• [Task statement] Transcribe this listing exactly; omit the pictures.

• [Source data]
*** Block opens ***
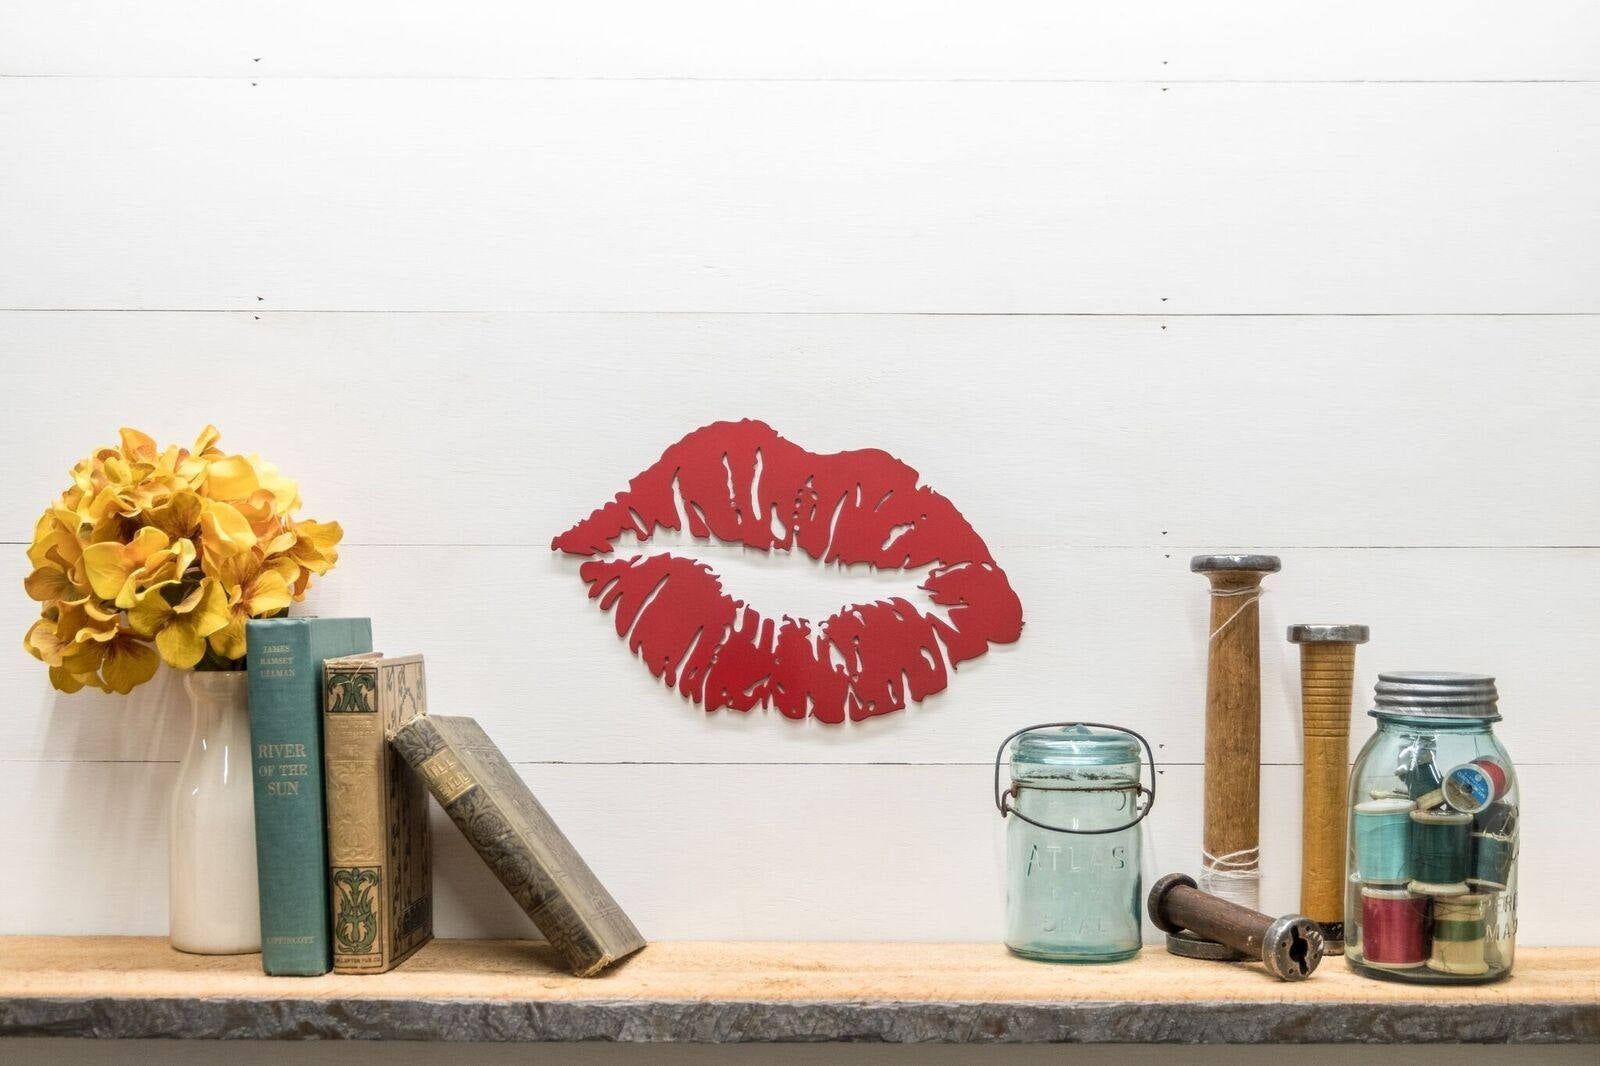 Red Metal Kiss Lips Wall Decor #RedKissLips #WeddingGiftIdeas #RedMetalKissLips #LoveDecor #BoutiqueDecor #RedLipstick #WallHangingDecor #LipstickMark #GirlNurseryDecor #VanityDecor
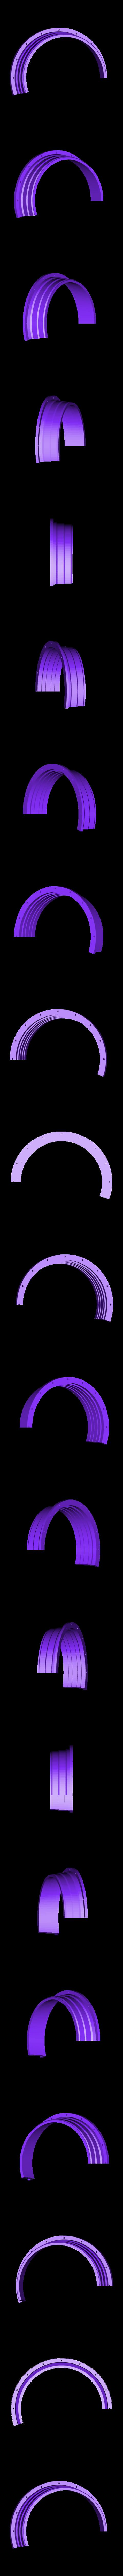 Turbine-Case201b.stl Download free STL file Turboprop Engine Modified Parts (No.2) • 3D printable design, konchan77
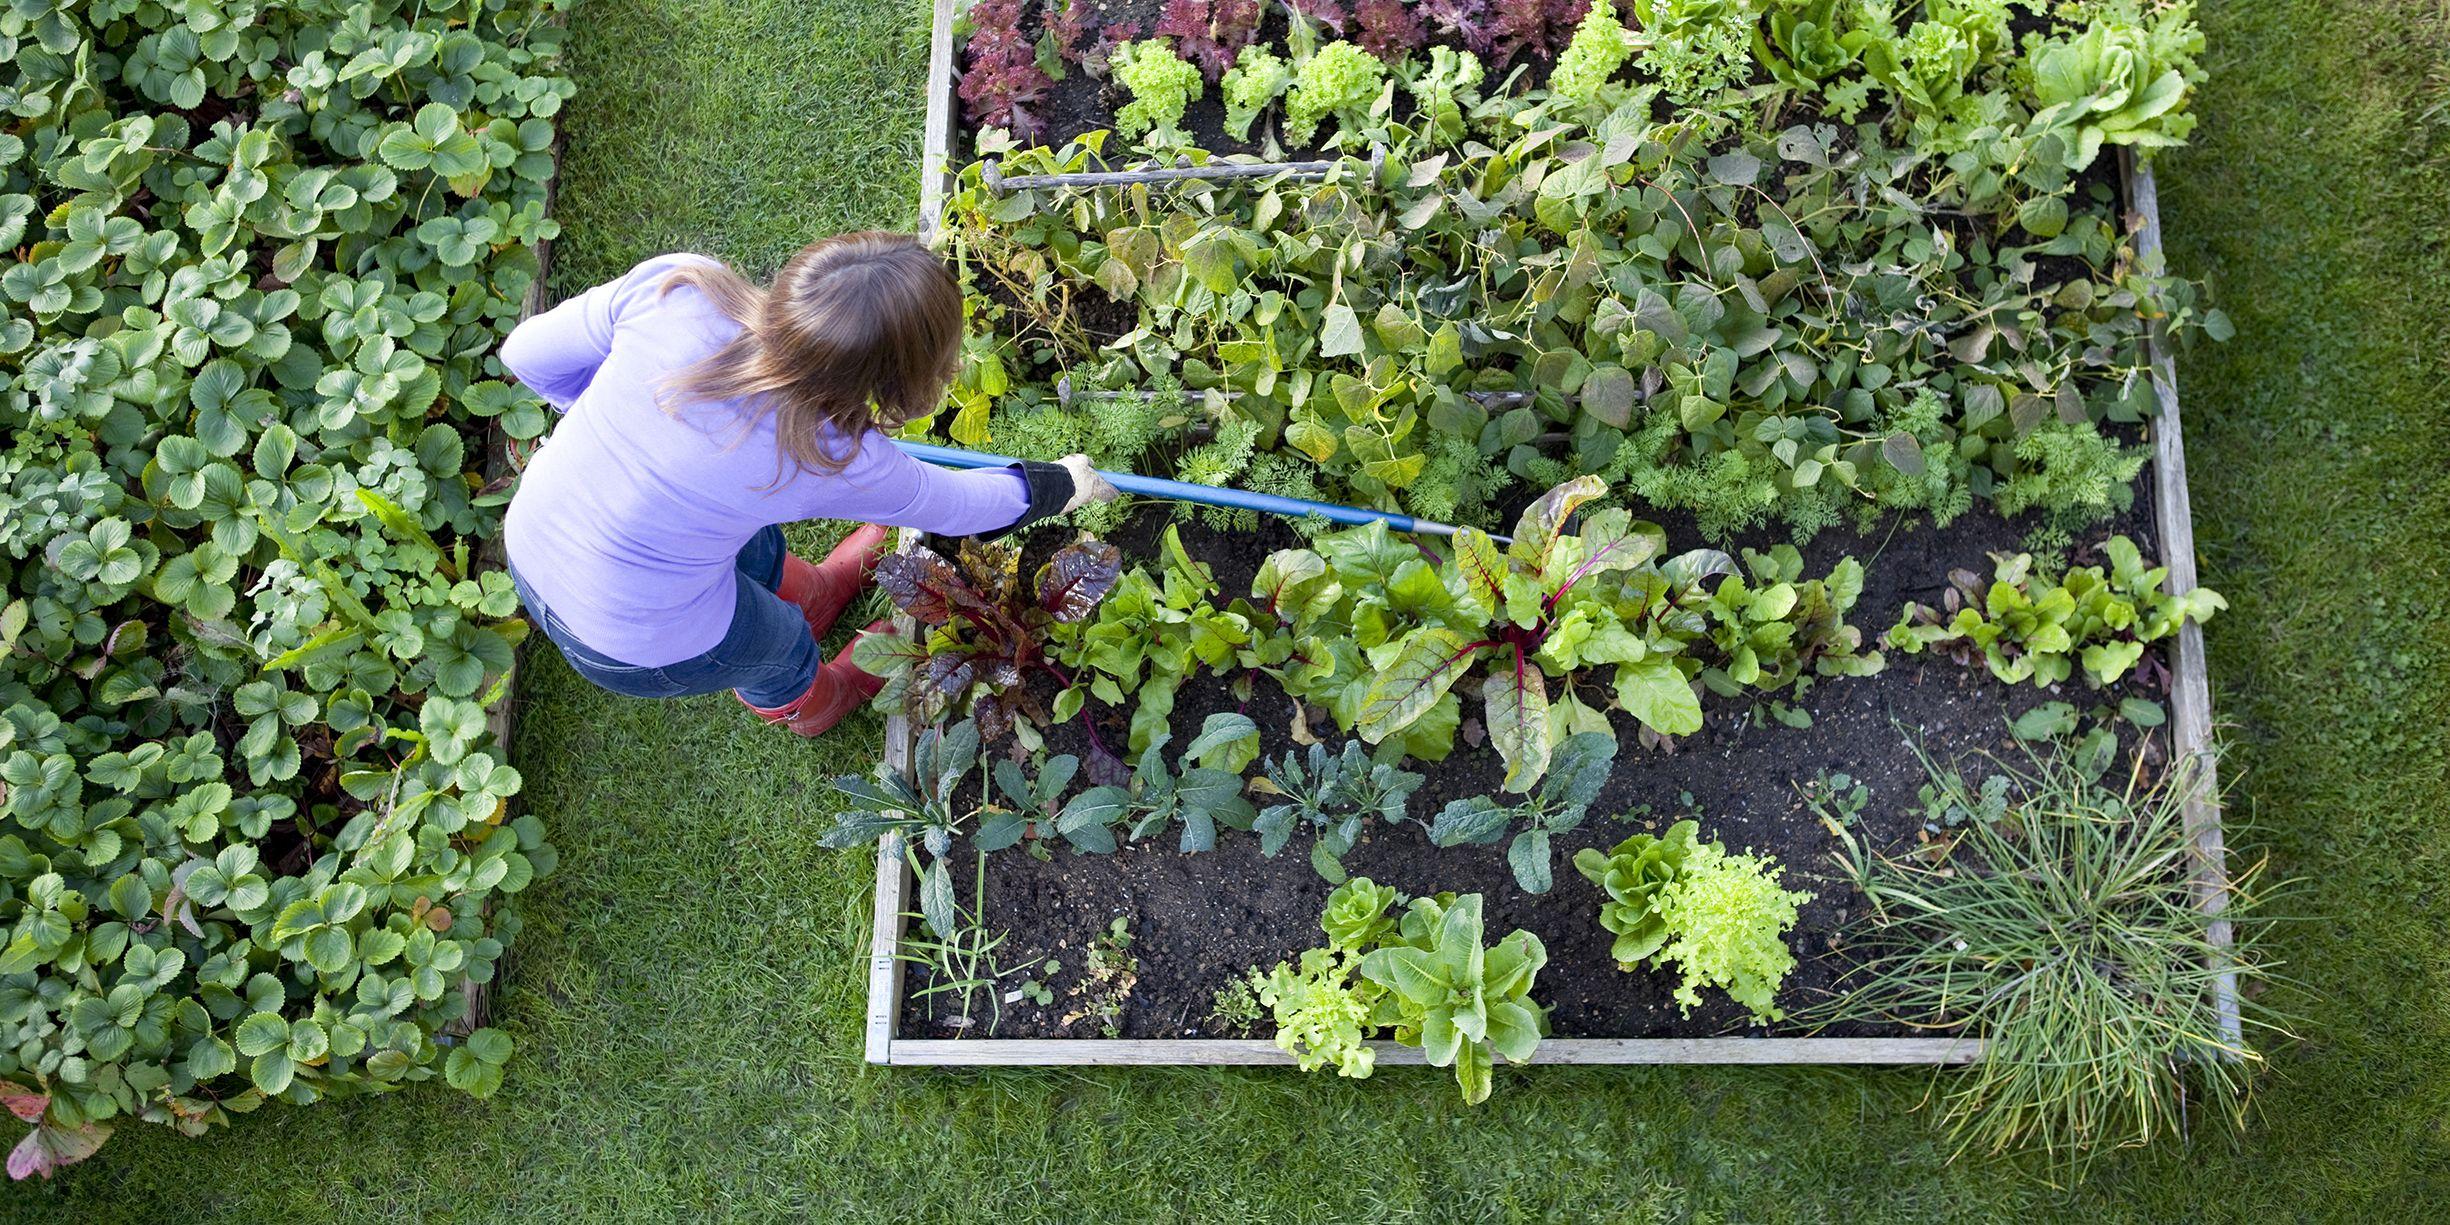 gardens small preen lb grass family a ways organic preventer vegetable control for all toxic footprint weed granular beds garden to non killer weeds
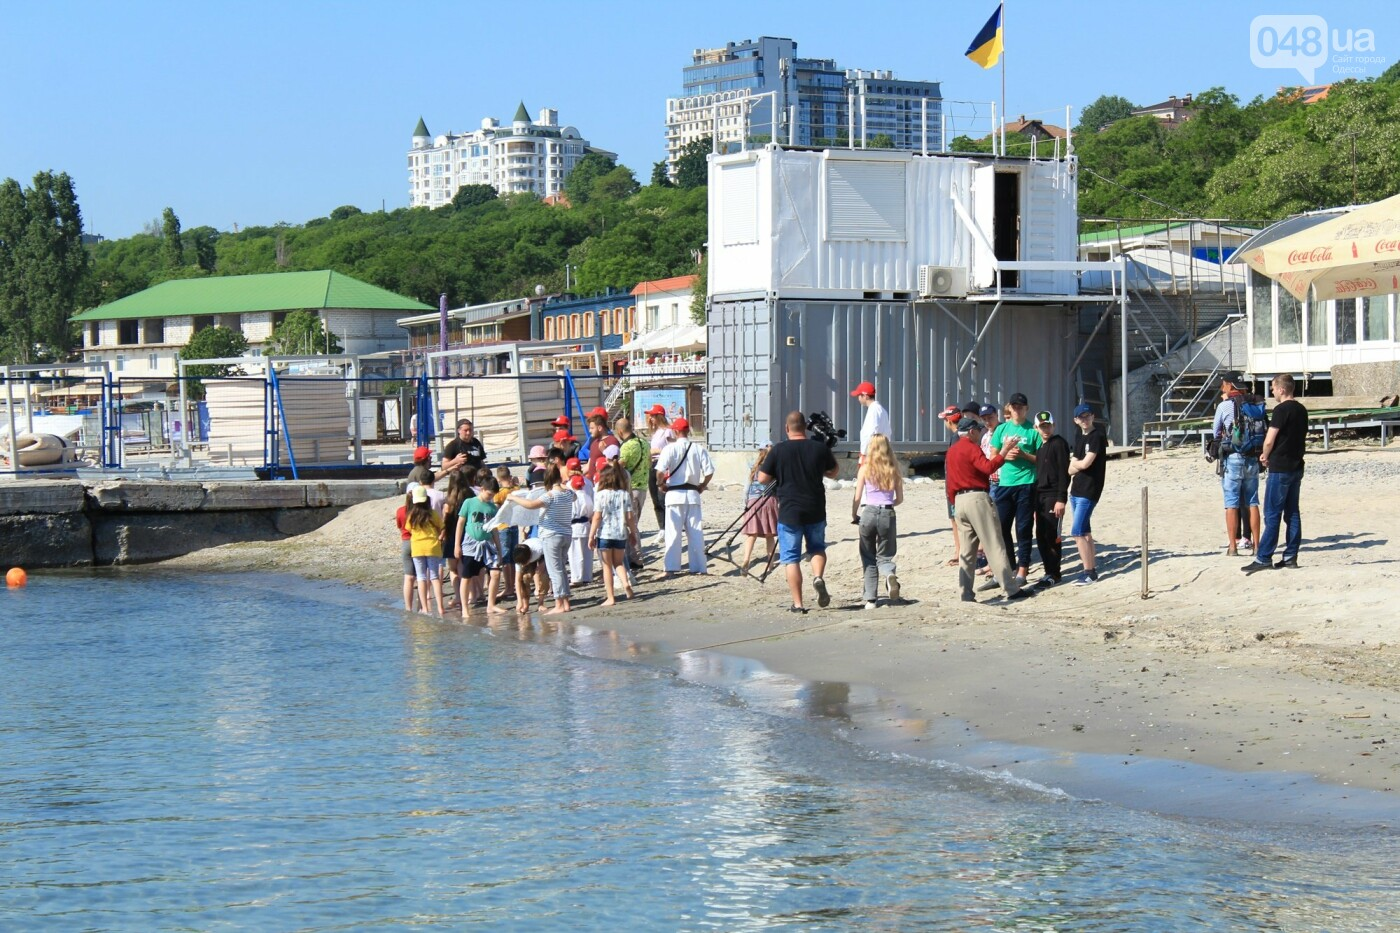 Школьники спасали утопающих: на Ланжероне в Одессе провели учения, - ФОТО, ВИДЕО , фото-1
*** Block closes ***
• [Worked solution]
 Red Metal Kiss Lips Wall Decor #RedKissLips #WeddingGiftIdeas #RedMetalKissLips #LoveDecor #BoutiqueDecor #RedLipstick #WallHangingDecor #LipstickMark #GirlNurseryDecor #VanityDecor
 Turbine-Case201b.stl Download free STL file Turboprop Engine Modified Parts (No.2) • 3D printable design, konchan77
 gardens small preen lb grass family a ways organic preventer vegetable control for all toxic footprint weed granular beds garden to non killer weeds
 Школьники спасали утопающих: на Ланжероне в Одессе провели учения, - ФОТО, ВИДЕО , фото-1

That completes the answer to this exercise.